If p is smaller than X (X equals #SM*2=60 in my case, but cannot assert that particular value elsewhere) then kernelB is initially launched with less than q blocks, and only after some blocks end their work, new are scheduled in.

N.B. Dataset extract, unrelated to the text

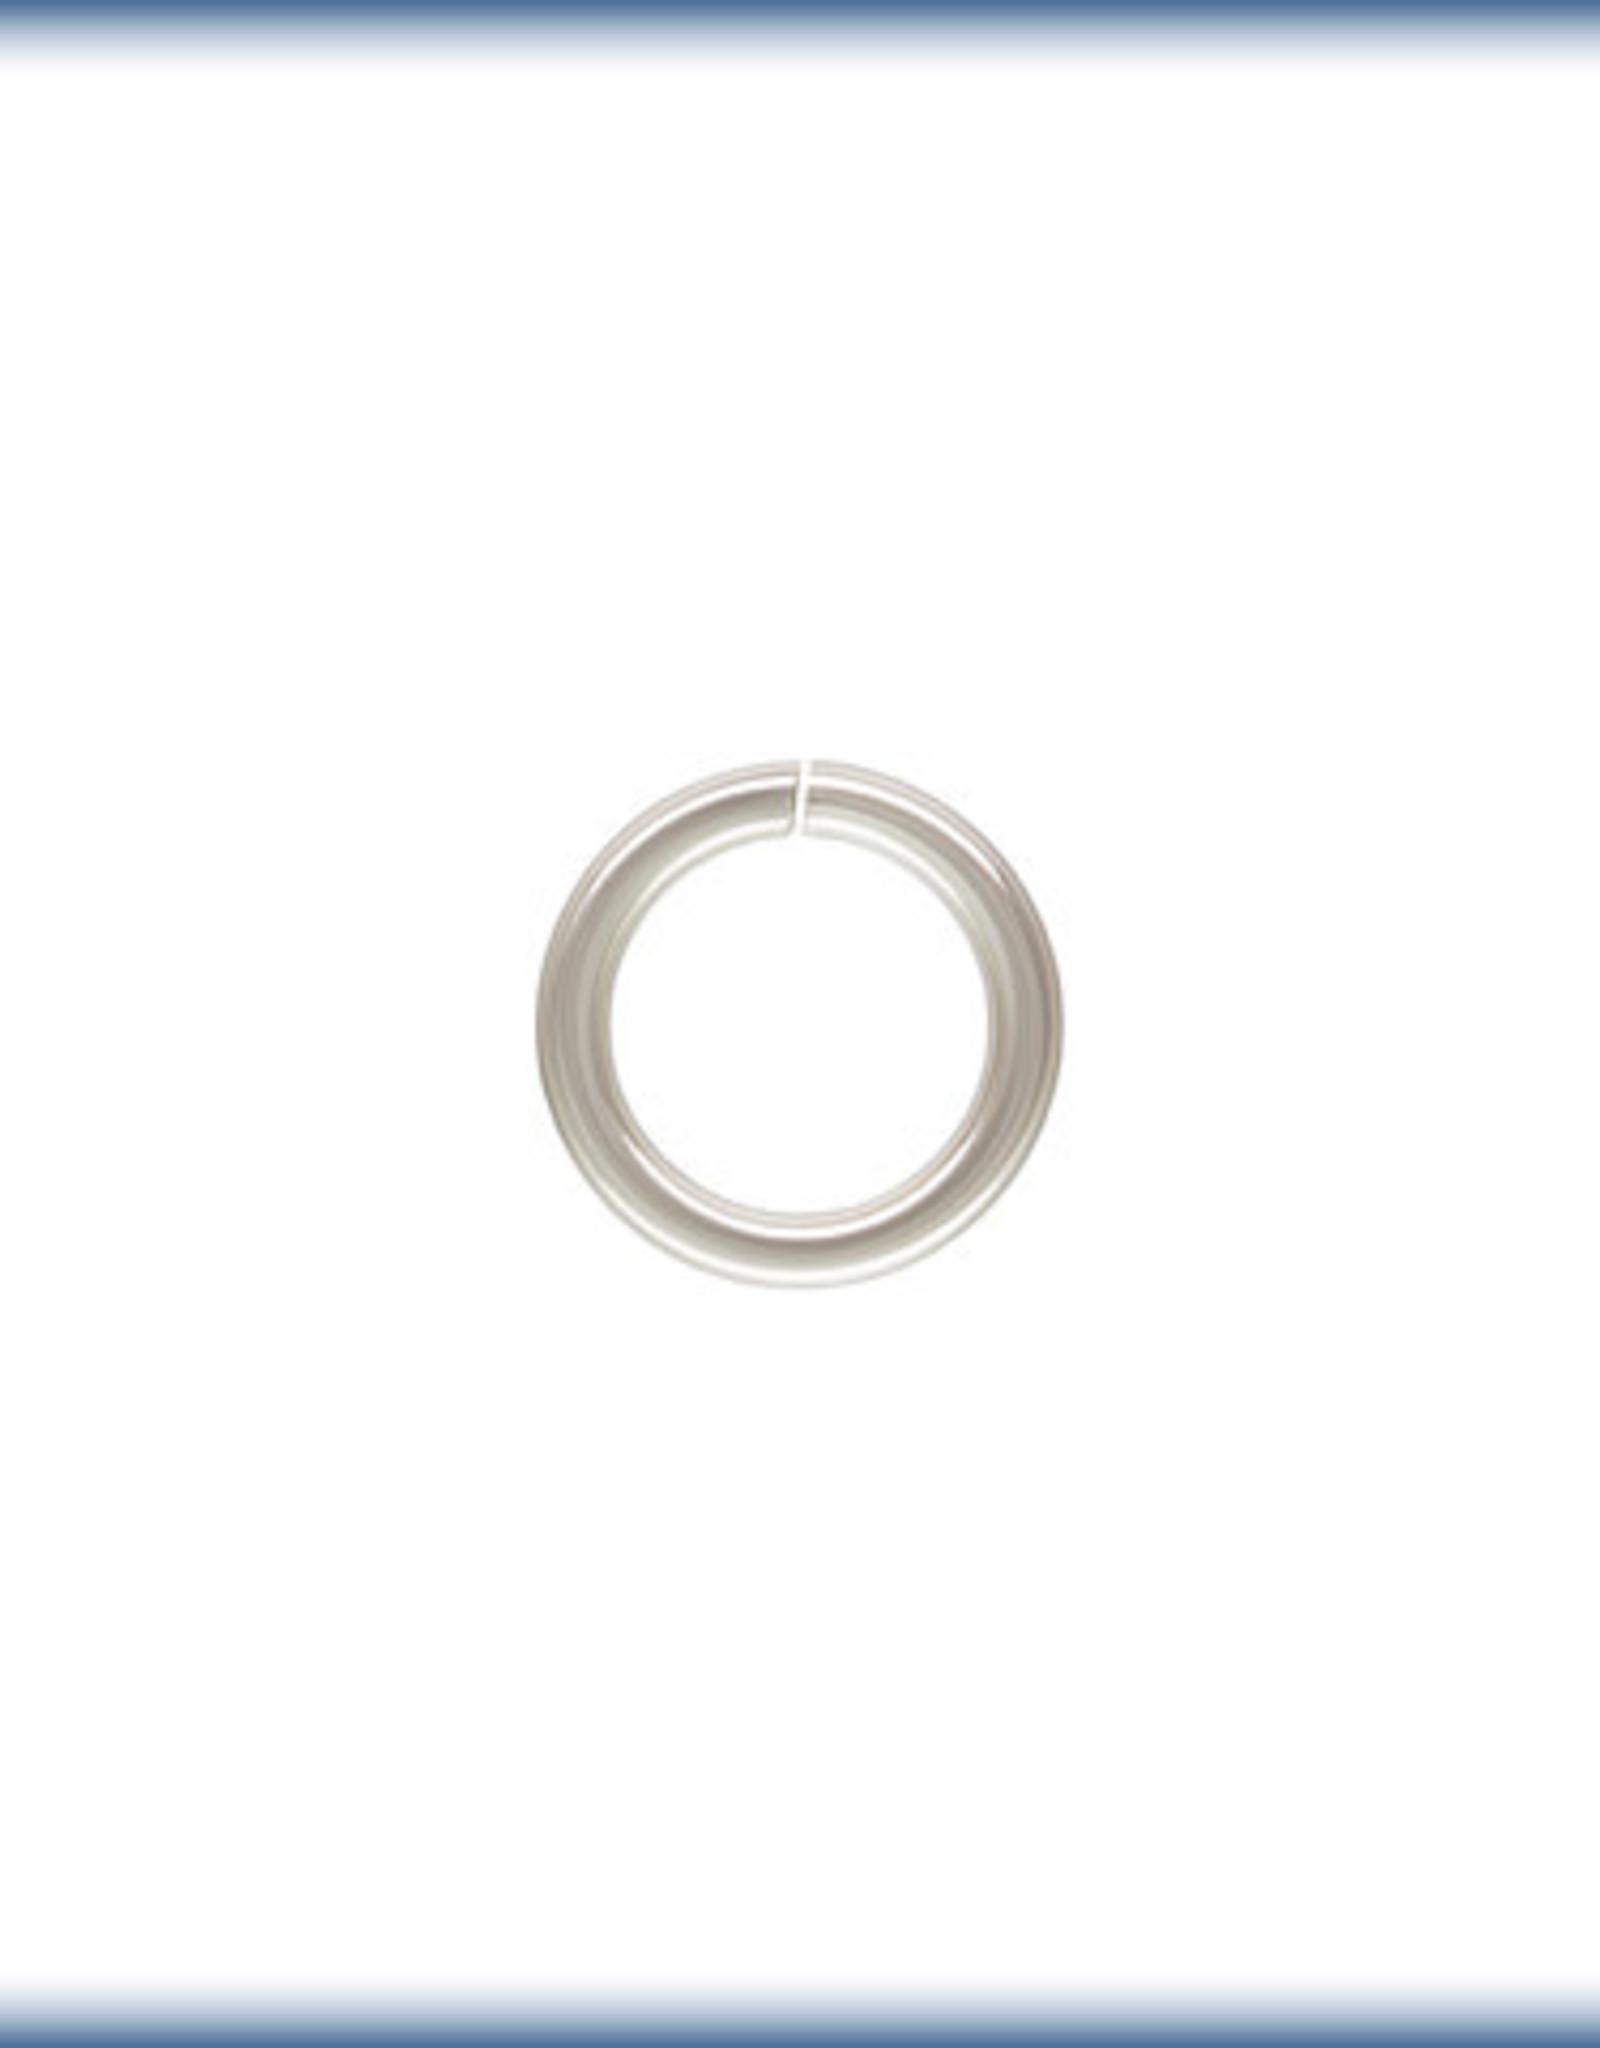 6mm Jump Rings 20ga Sterling Silver Qty 10

This can lead to serious drop in performance and in some cases may cause a program to work incorrectly - for example, if the kernel assumes all its blocks are active.
Example:
__global__ void emptyKernel() {}
__global__ void myKernel(int *control, int *output) {
int numberOfAttempts=0;
int terminate=1234567;
output[blockIdx.x]=1;
__syncthreads();
//attempt to synchronise all blocks
if (threadIdx.x==0) {
atomicAdd(control,1);
volatile int v;
do {
++numberOfAttempts;
v=*(volatile int *)control; //volatile to force read from global
if (numberOfAttempts==terminate) {
output[blockIdx.x]=0; //we waited too long. Report the problem and quit the loop
break;
}
} while (v<gridDim.x);
}
__syncthreads();
}
int main() {
/* [...] initialisation which I skipped here, e.g. choosing the best GPU */
const int maxBlocks=60;
int *gpuControl;
cudaMalloc((void**)&gpuControl, sizeof(int));
int cpuControl=0;
cudaMemcpy(gpuControl,&cpuControl,sizeof(int),cudaMemcpyHostToDevice);
int *gpuOutput;
cudaMalloc((void**)&gpuOutput, sizeof(int)*maxBlocks);
int cpuOutput[maxBlocks];
int thr=480;
int p=13;
int q=60;
emptyKernel<<<p,thr>>>();
cudaThreadSynchronize(); //not needed but to be on the safe side...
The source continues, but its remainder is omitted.